Еще сдвиг, и глаза остановились на ботинках, на вытянутых вперед ногах. Я знал, что это мои ноги, но было невероятно трудно, почти невозможно разобраться в том, что значит “мои”,
кто такой этот “я”, и что я тут делаю, почему сижу в лесу под деревом. И не сижу вовсе, а плаваю на волнах боли и тошноты, словно отходя от наркоза после операции. Легче всего было бы решить, что все это кошмар и ничего более, но даже от легкой дрожи меня всего прошивало болью, и боль была такой реальной, что списать на кошмар совсем не получалось.
Потом: “Concentrate”, промолвил голос деда у меня в голове по-английски – но кому это он сказал?

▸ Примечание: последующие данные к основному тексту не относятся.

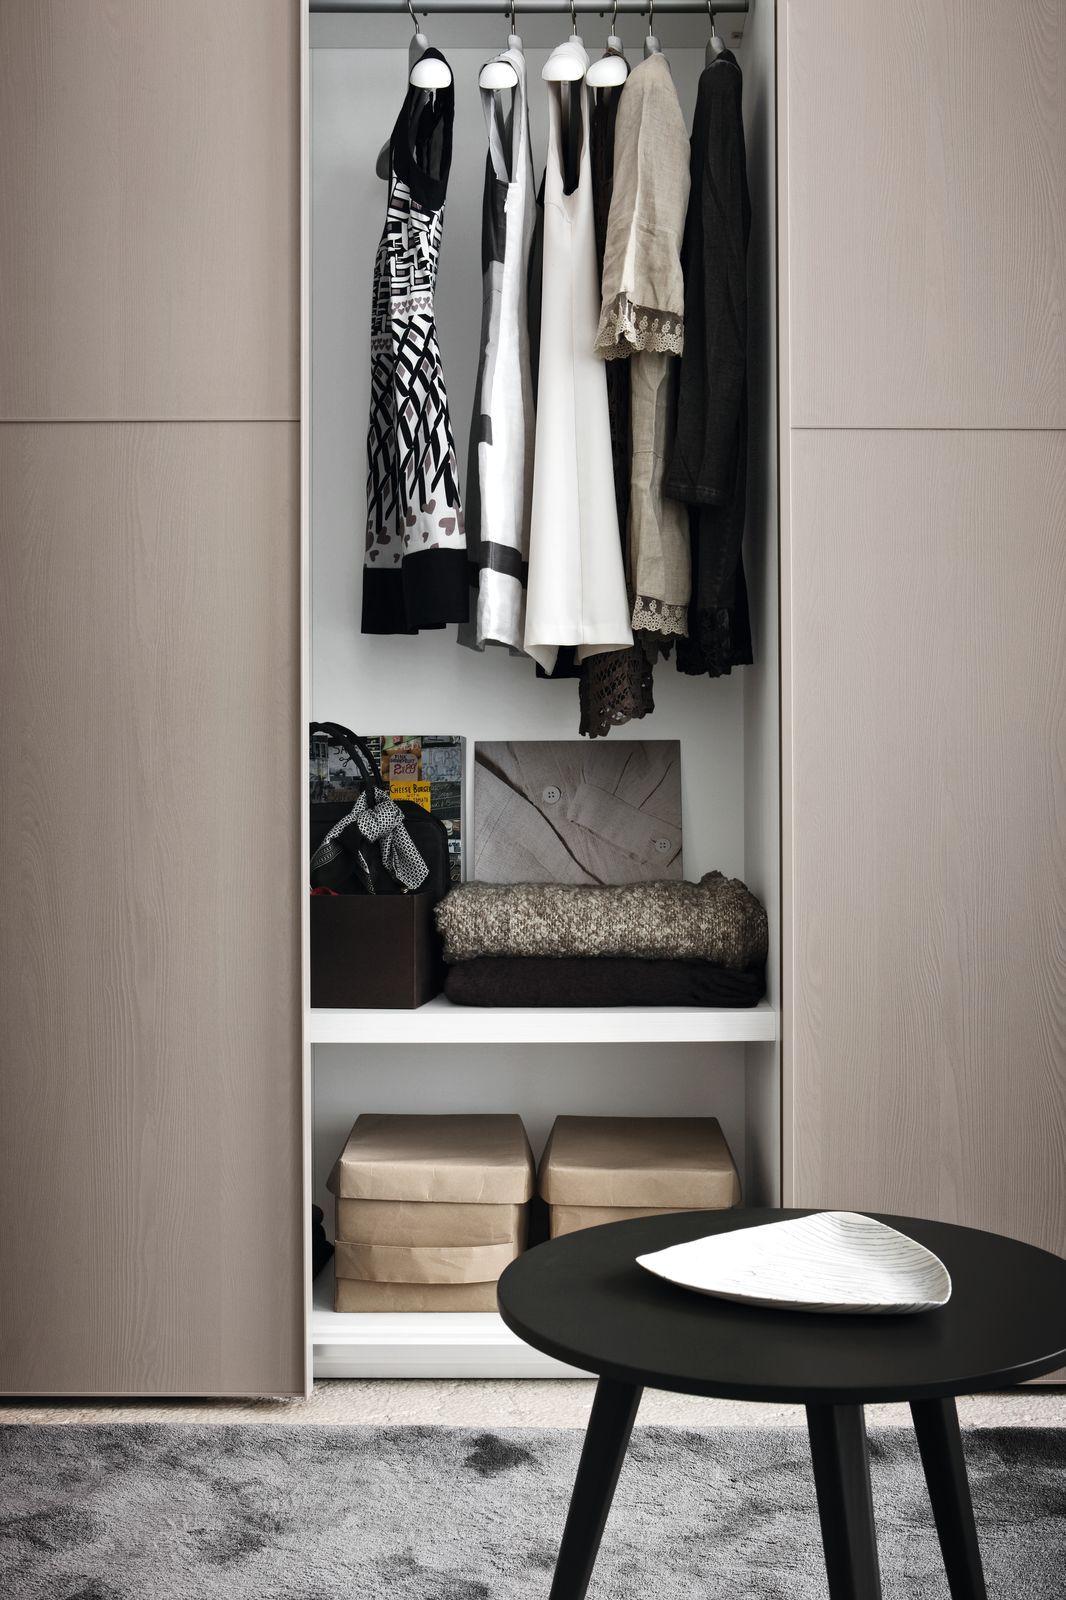 Italian made bedroom furniture by Novamobili, designed to

Кто этот “я”, к которому он обращался? Concentrate – кто? “Concentrate, Sergei”, снова промолвил строгий голос, и знание мгновенно захлестнуло меня высокой, стремительной волной. На несколько мгновений она даже стерла тошноту. Я – Сергей, Серж, Серега, Сержик, я знаю все про себя, я знаю, что убежал из дому в поисках занятных приключений в тайге, я помню весь ужас, который приключился со мной. Одного не знаю – откуда эта боль и эта тошнота, хуже, чем все, что случилось раньше. Я помню ночи невыносимой пытки комарами, но сейчас даже мириады укусов доходили, словно сквозь какую-то пелену.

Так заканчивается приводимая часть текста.